Beethoven chronology
| Singing in Braille (1985) | Him Goolie Goolie Man, Dem (1989) |  |

= Him Goolie Goolie Man, Dem =

Him Goolie Goolie Man, Dem is a five track EP by the Irish post-punk band Beethoven Fucking Beethoven (formerly known as Five Go Down to the Sea?) released on the London-Irish label Setanta Records in June 1989. It was both the last album by the band, and the debut release by Keith Cullen's then fledgling Setanta.

The EP was well received on release. Steven Wells named the record "Single of the Week" in the NME, and wrote that "the centre-stone of this jewel of a record is the kidnapping, tarring and feathering, mugging, shagging and destruction of 'Day Tripper'". However, before the band could capitalise on this success, vocalist Finbarr Donnelly died in a drowning accident on 18 June 1989.

==Background and recording==
When the first incarnation of Five Go Down to the Sea? broke up in 1984, lead vocalist Finbarr Donnelly and guitarist Ricky Dineen remained in London after the split.
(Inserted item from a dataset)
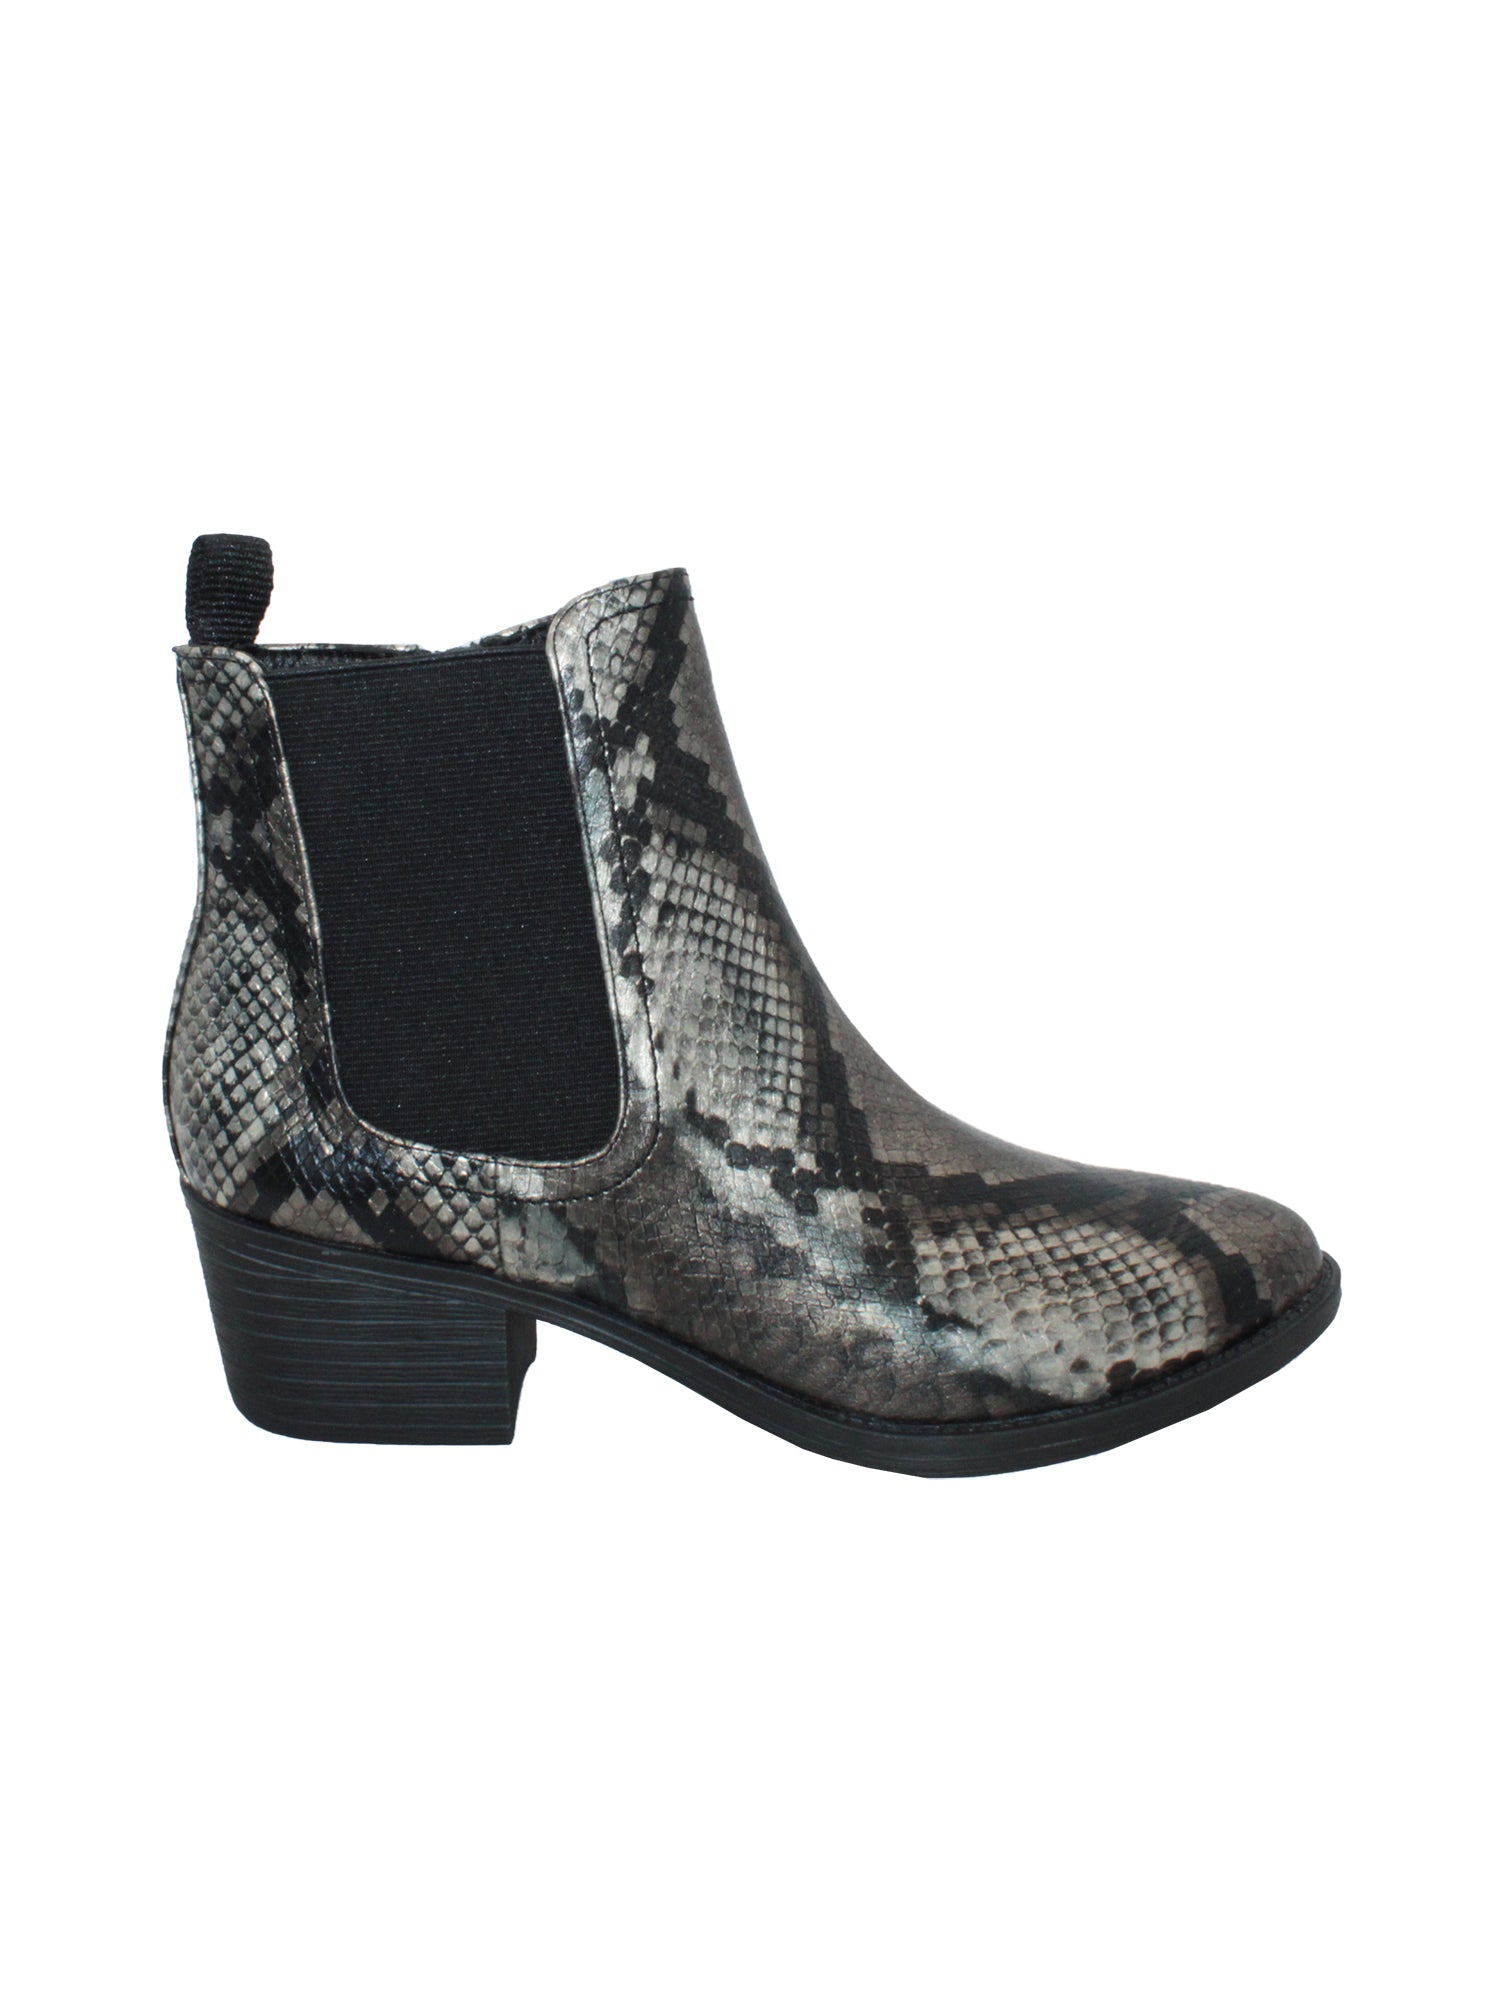 The ‘Carriage’ Chelsea bootie by Volatile, in beautiful rustic effect faux leather or matte metallic faux snake, is right on trend with a wide elastic side panel allowing for flexibility and comfort while walking. We took the level of ease a step further by adding an inside zipper, making these booties effortless to put on and off.  bronze multi

They moved from Rotherhithe to Shepherd's Bush, where early 1988 they recruited Dublin-born bassist Maurice Carter and Swiss drummer Daniel Strittmatter and reformed under the name Beethoven. After a debut gig at the Mean Fiddler, the band came to the attention of Keith Cullen, owner of Setanta Records, and for a period he acted as their manager and promoter. The band released an EP, Him Goolie Goolie Man, Dem, in early June 1989, produced by Jon Langford of the Mekons and the Three Johns. It was Setanta's first release, and contained five tracks, including a cover of "Day Tripper" by the Beatles.

A few weeks after release, on 18 June 1989, Donnelly drowned while swimming in Hyde Park's Serpentine Pond, at the age of 27. Dineen had been out with him that day, and they had planned to meet at a pub later in the evening. Dineen said, "If you went out for the craic with your friends on a Sunday afternoon and one of them didn't come back, it's surreal-like. Even though we were both 27, you're still young. It changes your whole life because we went from planning our future, thinking we were going to be in England for a while, to the next minute being on the flight back to Ireland."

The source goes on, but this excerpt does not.